Eskalation bei Demo

I: 190 Polizisten bei wütenden Bahn-Protesten verletzt

Ausland
04.07.2011 07:00
Die Proteste gegen eine Hochgeschwindigkeitstrasse im Norden Italiens eskalieren. Zum zweiten Mal binnen weniger Tage kam es am Sonntag bei einer Demonstration gegen das Milliardenprojekt der Bahn mitten im Piemont zu heftigen Zusammenstößen zwischen Teilnehmern und der Polizei. Laut den Behörden wurden dabei mindestens 400 Personen verletzt - darunter alleine 188 Polizisten, die nach den Krawallen medizinisch behandelt werden mussten. Mehrere Personen wurden festgenommen.

Rund 6.000 Menschen demonstrierten am Sonntag zunächst friedlich in Chiomonte an der Baustelle eines Tunnels für die Schnellstrecke im Val di Susa in der Nähe von Turin. Im Verlaufe des Protests kam es dann an mehreren Stellen zu Zusammenstößen. Die Demonstranten warfen den Angaben zufolge Steine und Feuerwerkskörper auf die Beamten. Die Sicherheitskräfte setzten Tränengas ein, um die Menge zu zerstreuen. Einigen Teilnehmern sei es gelungen, die Bauzäune zu überwinden, teilte die Polizei mit.

Viele Demonstranten, die in die Zusammenstöße verwickelt gewesen seien, hätten den Protest für Gewalt ausgenutzt. Mehrere Teilnehmer seien aus dem Ausland angereist. Unter den Demonstranten sollen sich auch Gruppen des berüchtigten linksextremistischen "Schwarzen Blocks" befunden haben. Der italienische Präsident Giorgio Napolitano verurteilte die Gewalt gegen die Sicherheitskräfte und erklärte, es werde nicht zugelassen, dass gewalttätige Teilnehmer die Proteste infiltrierten.

7,5 Kilometer langer Tunnel erhitzt die Gemüter
Die Trasse wird für eine Hochgeschwindigkeitsverbindung zwischen Turin und Lyon gebaut und zum Teil mit EU-Geld finanziert. Sie soll den transeuropäischen Bahnkorridor von Lissabon nach Kiew schließen. In Chiomonte geht es um einen 7,5 Kilometer langen Tunnel. Die Arbeiten dort begannen Ende Juni als Startschuss für den gesamten Bauabschnitt.

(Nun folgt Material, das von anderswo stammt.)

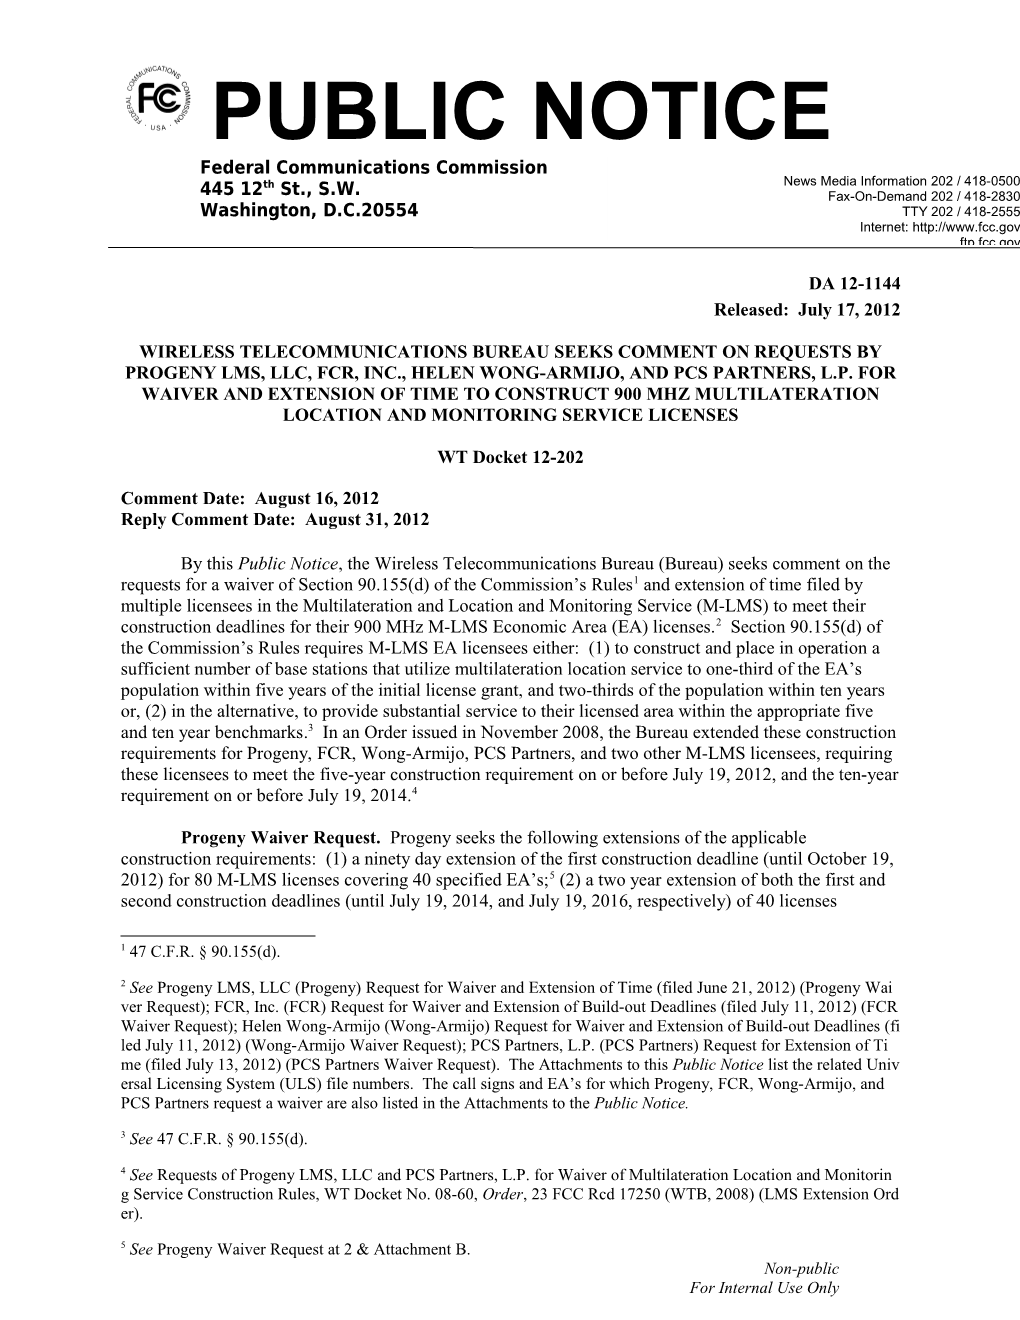 Wireless Telecommunications Bureau Seeks Comment on Requests by Progeny Lms, Llc, Fcr

Der Plan wird von Trassengegnern seit Jahren heftig bekämpft.

Die Bewohner des Alpentales wehren sich nach wie vor mit allem Nachdruck gegen das 15 Milliarden Euro teure Projekt, das aus ihrer Sicht der Umwelt schadet und die Landschaft verschandelt. Dabei werden sie zunehmend von überregionalen Gruppen unterstützt. Die Bandbreite reicht dabei von Anarchisten bis zu Katholiken.

Starkomiker Grillo nennt Demonstranten "Helden"
Der für seine bissigen Kommentare zur italienischen Politik bekannte Starkomiker Beppe Grillo hat die Teilnehmer an den Protestaktionen als "Helden" bezeichnet. "Ihr macht eine außergewöhnliche Revolution, in ganz Italien läuten die Glocken", erklärte Grillo nach Angaben des "Corriere della Sera" am Sonntag vor den Demonstranten in Chiomonte.

Grillo beschuldigte die Sicherheitskräfte, "verbotenes Tränengas", das eine "krebserregende Kriegswaffe" sei, gegen die Protestteilnehmer einzusetzen. Die Ereignisse seien "technische Beweise einer Diktatur". Zur Frage, ob es unter den Demonstranten Vertreter des "Schwarzen Blocks" gebe, meinte der aus Genua stammende Komiker: "Sucht sie doch im Parlament". Er fügte hinzu: Die Hochgeschwindigkeitsstrecke Turin-Lyon sei der "Betrug des Jahrhunderts", Warentransporte mit 300 Stundenkilometern eine Sache der 1970er-Jahre.

Politiker der großen Parteien kritisierten die Ausführungen Grillos scharf und betonten, Gewalt sei in keiner Weise zu rechtfertigen. Der Abgeordnete der oppositionellen PD, Stefano Esposito, warf Grillo vor, mit seinen "irrwitzigen Phrasen" Öl ins Feuer zu gießen, indem er von einer Revolution gegen die Diktatur spreche. Grillo hatte mit seiner "Fünf-Sterne-Bewegung" ("Movimento 5 stelle") bei den italienischen Kommunalwahlen im Mai einen Überraschungserfolg erzielt.